**Exercise description:** Transcribe the data that follows without changing a word, and omit the pictures.

**Data below:**
------------

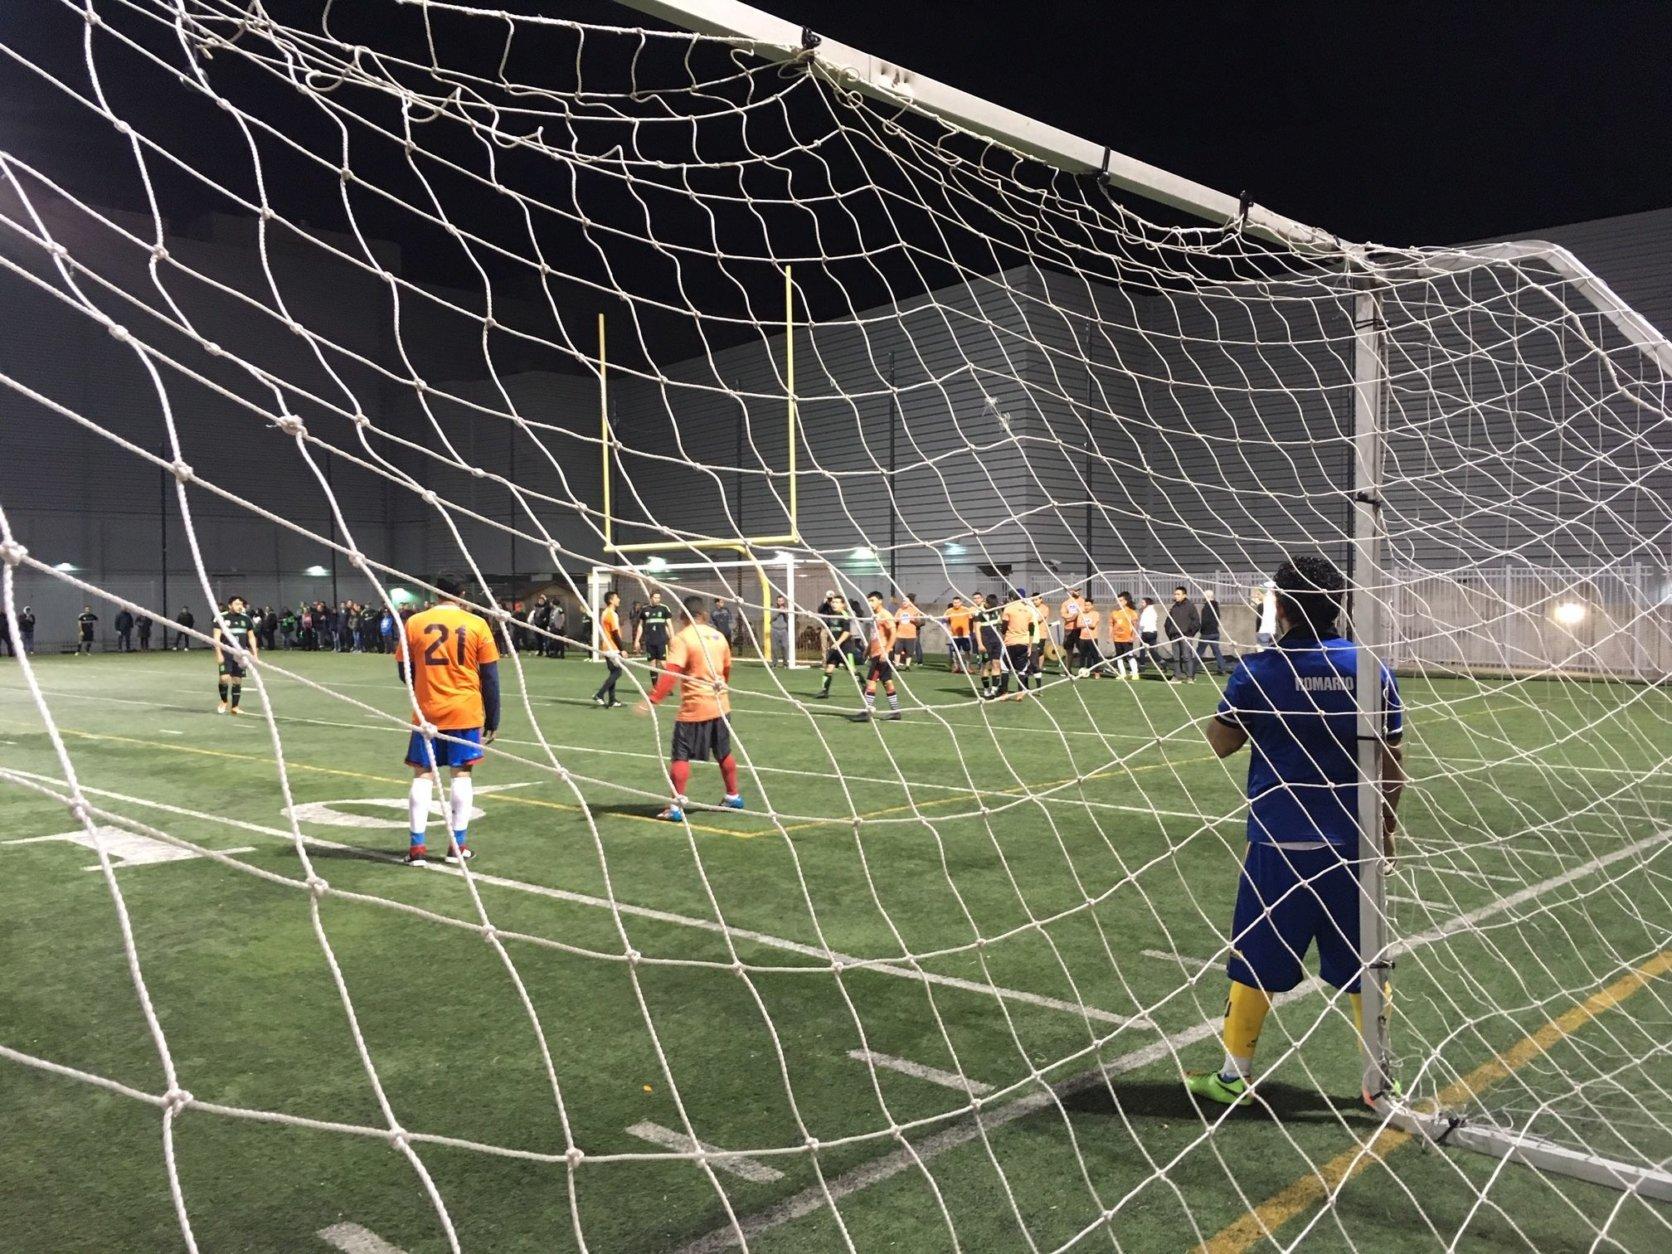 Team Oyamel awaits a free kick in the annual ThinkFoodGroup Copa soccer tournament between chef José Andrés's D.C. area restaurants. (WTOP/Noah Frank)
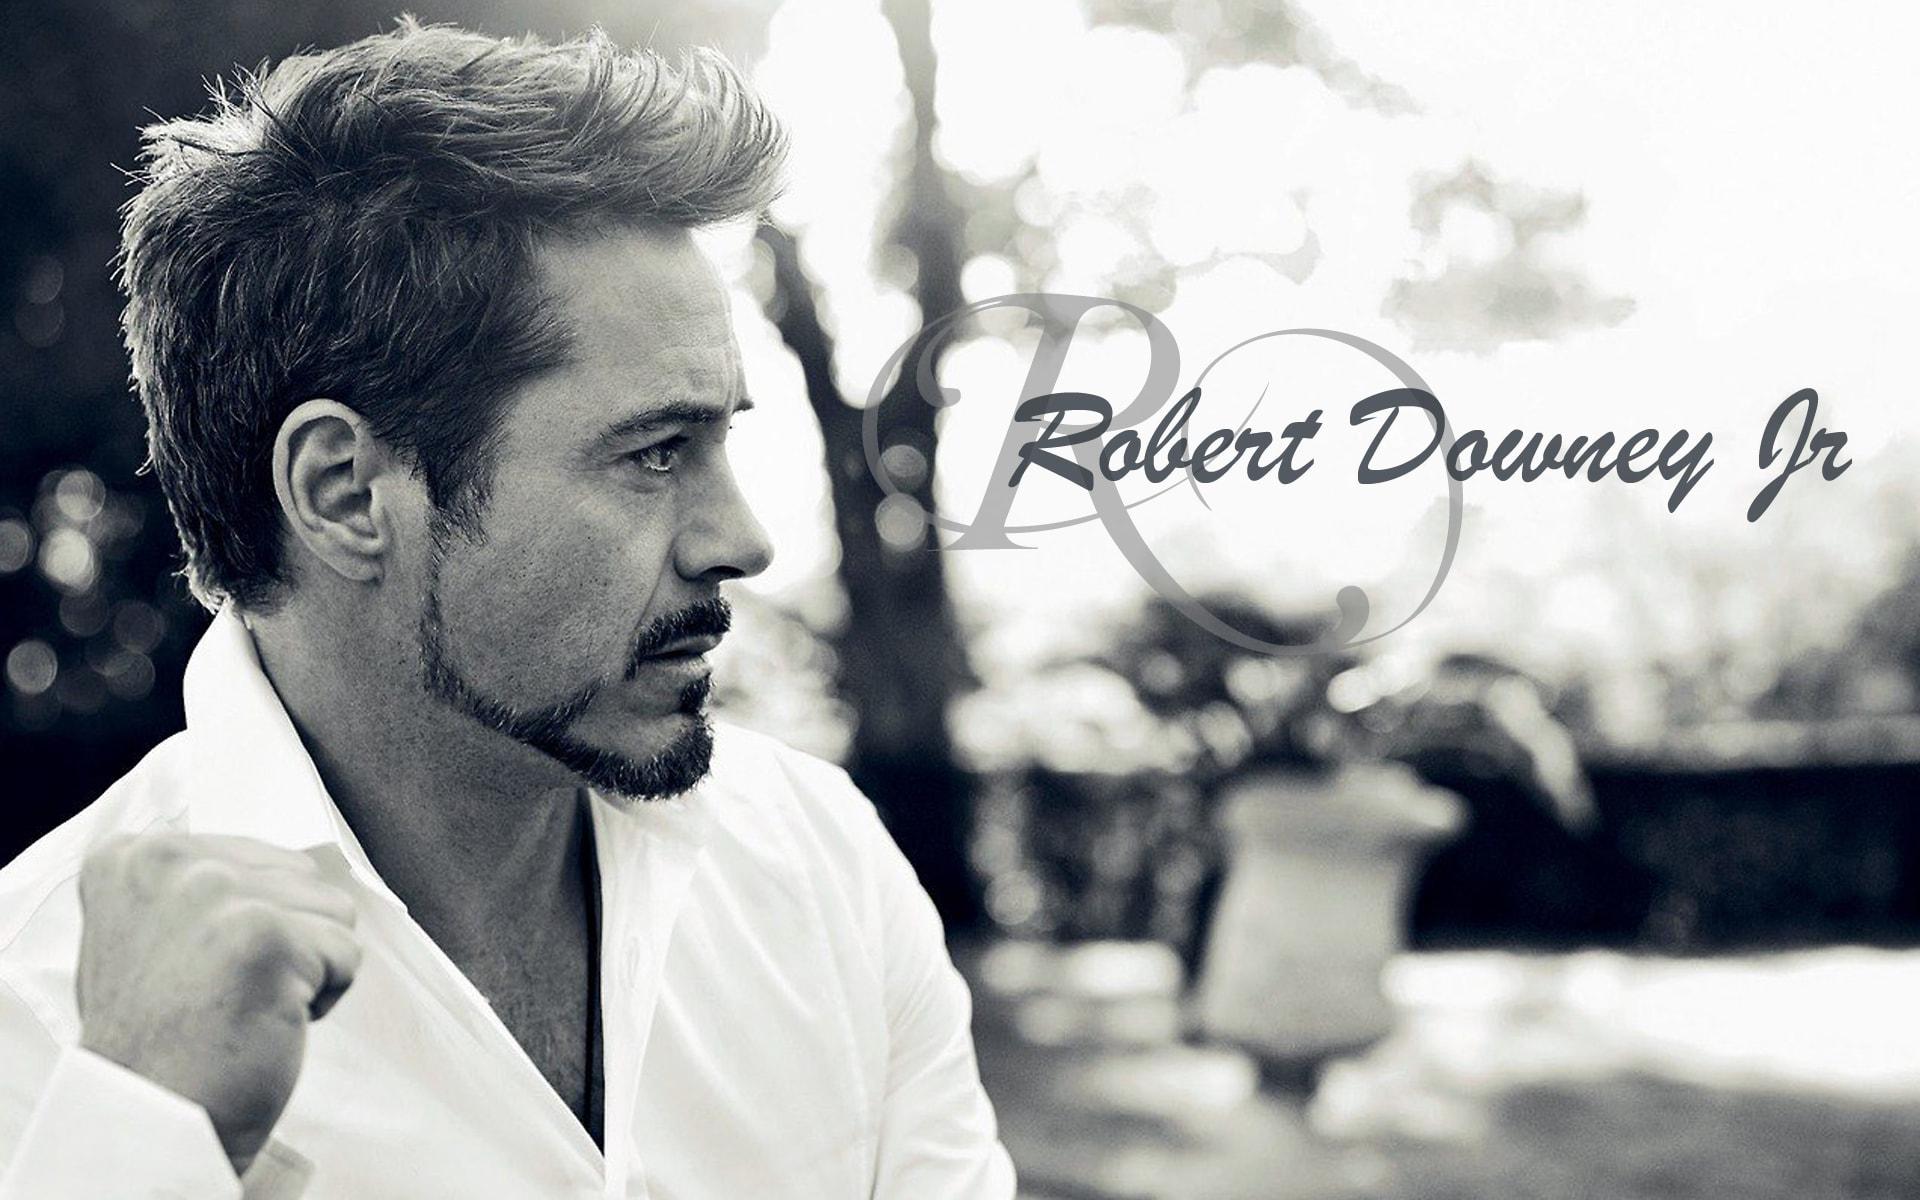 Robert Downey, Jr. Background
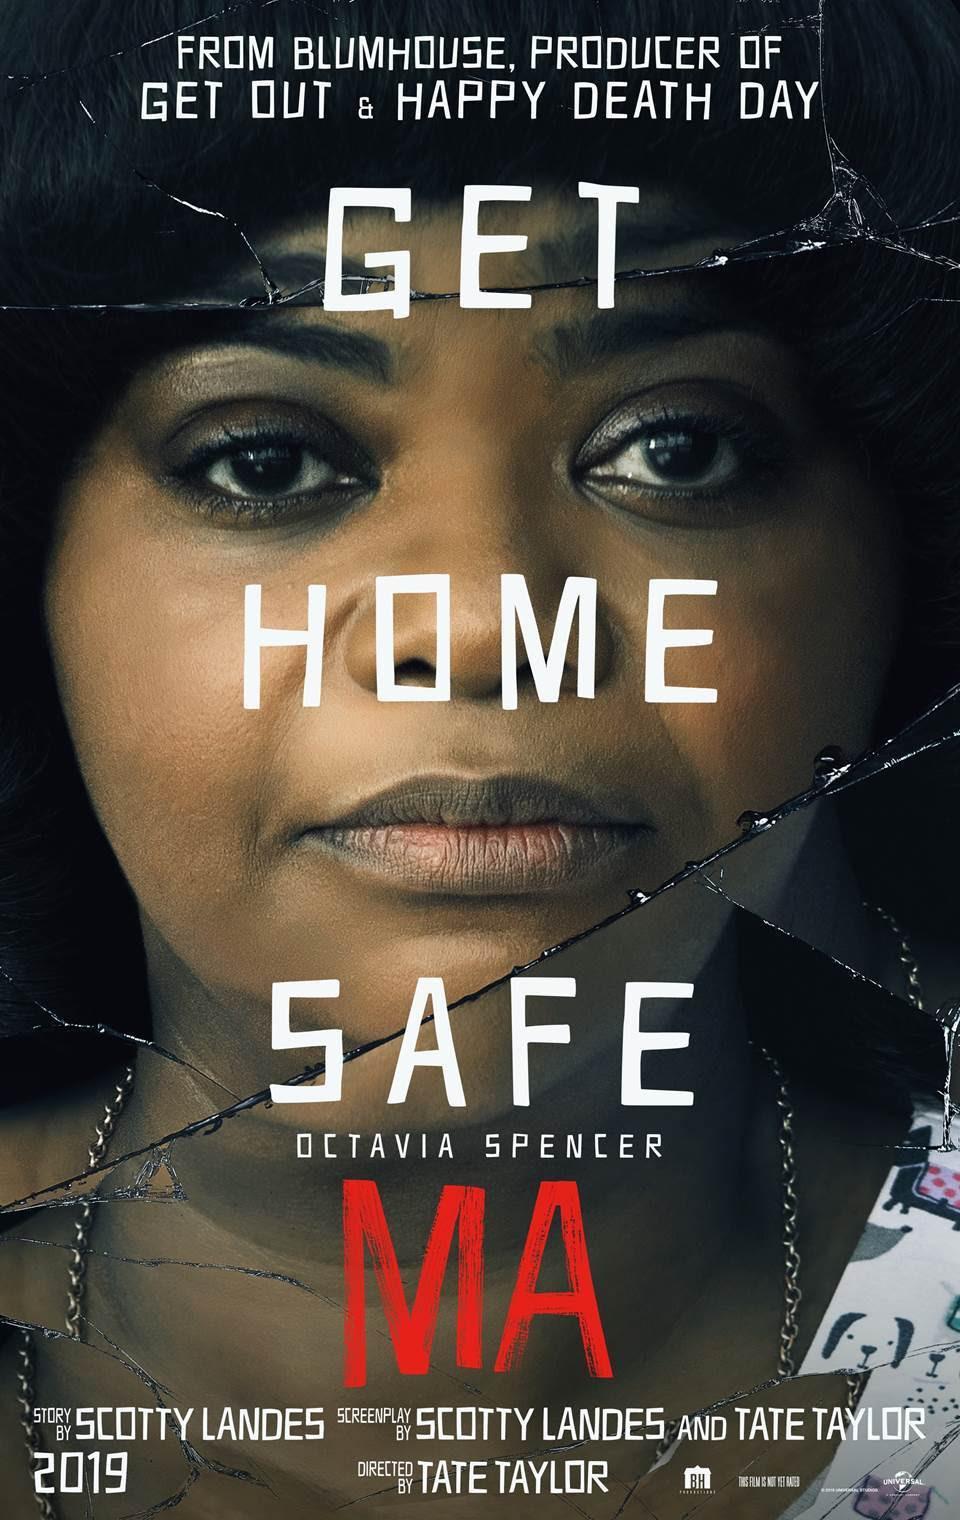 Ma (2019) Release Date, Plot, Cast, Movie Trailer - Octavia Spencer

------------

**Task response:**
 Team Oyamel awaits a free kick in the annual ThinkFoodGroup Copa soccer tournament between chef José Andrés's D.C. area restaurants. (WTOP/Noah Frank)
 Robert Downey, Jr. Background
 Ma (2019) Release Date, Plot, Cast, Movie Trailer - Octavia Spencer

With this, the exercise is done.